婉祺上一次回家,是两月前阿玛的忌辰。那时临近大选,她还特意到阿玛和额涅的灵位前磕头,为以后若进宫当了娘娘,便不能每年亲自回来祭奠而求父母原谅。
想到这儿,婉祺苦笑着,娘娘没当上,反而给公主试婚去了,也不知九泉下的父母会不会嫌她丢脸面。
等见到了永晋,兄妹两个在前厅坐下来,永晋一脸忧心忡忡,试探着又问她:“真不是受了委屈才跑回来的?你别忍着不敢说,即便他家显贵,我也断不会看着你受委屈,大不了我豁出——”
“没有的事,哥哥别乱想了,我真的只是进宫给太后请安,顺便回来看看。”
婉祺知道永晋心疼自己,那天永晋来送她,眼圈都是红的,平时气宇轩昂的一个人眼见着憔悴了。
“那就好,那就好。
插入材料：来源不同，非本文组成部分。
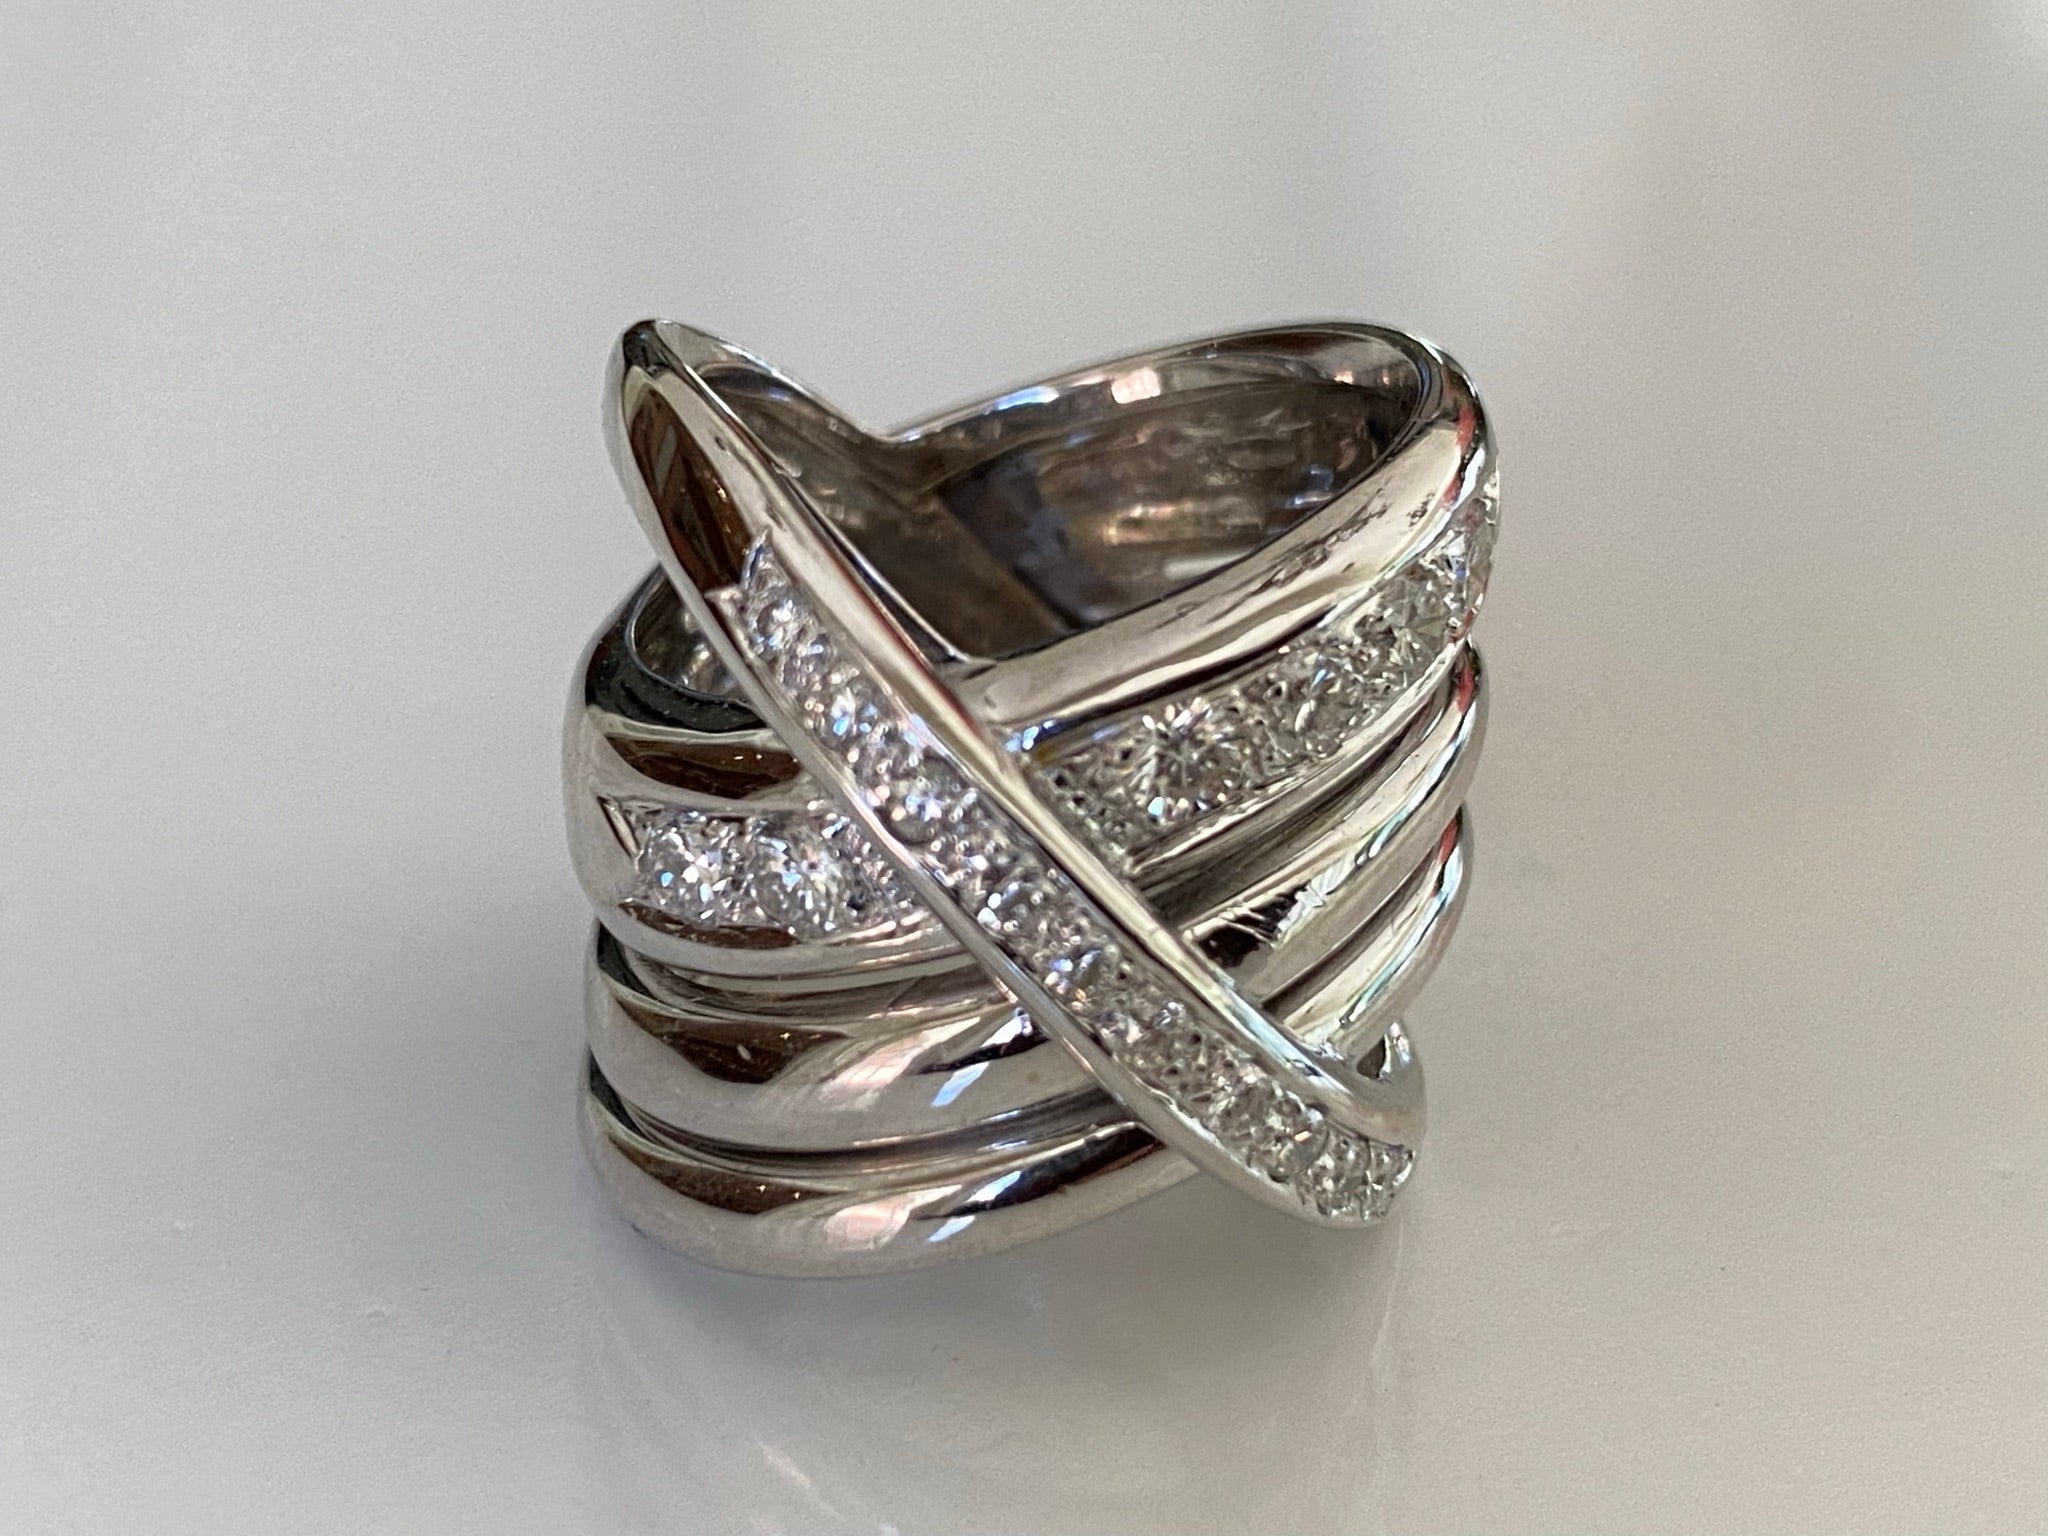 This bold fashion ring crafted in 18kt white gold features a coiled, crisscross design studded with approximately 1.30 carats of fine round diamonds. Signed Maria Grazia Cassetti

往后有不顺心的事没处说,就回家来,跟你阿沙……”永晋想到自己那位和硕格格出身的夫人素日的德行,讪笑着,改了口,“她不是那知心的人,但你二阿沙知书达理,又是咱们亲舅舅的闺女,你跟她说,千万别什么事都自己扛,再憋出病来。”
长兄为父,永晋这些年作为大家长,里里外外操不完的心。
永晋说什么,婉祺都应着。她知道永晋本就苦于官途不顺,又遇上自己这事,他心里头难受不亚于自己。
等永晋嘱咐完,婉祺才说起她今儿回家来顶顶要紧的一件事。
“哥哥可知道,朝中有没有姓滕的官员?”
“你问这个做什么?”永晋嘴上这么问,但仍是仔细思索着,“姓滕……那得是汉军旗的人,再或是汉官,没什么印象有姓滕之人,等我帮日后帮你留意些。”
婉祺也想过向邓玉鸣打听下这位腾公子究竟是何人,但想到邓玉鸣是润舟的人,她若问了,润舟必定会知道,便作罢。
婉祺和润舟都渐渐适应了生活里突然多了彼此的变化,虽说除了同住一个屋檐下之外,与陌生人也没什么两样,但外人面前总归还是要做做样子。
润舟有同僚得了长孙,满月当日在家中摆席,还搭了台子请人去听戏,帖子送到将军第,是婉祺收的。原本她没打算去,但润舟不肯,一定要她同去。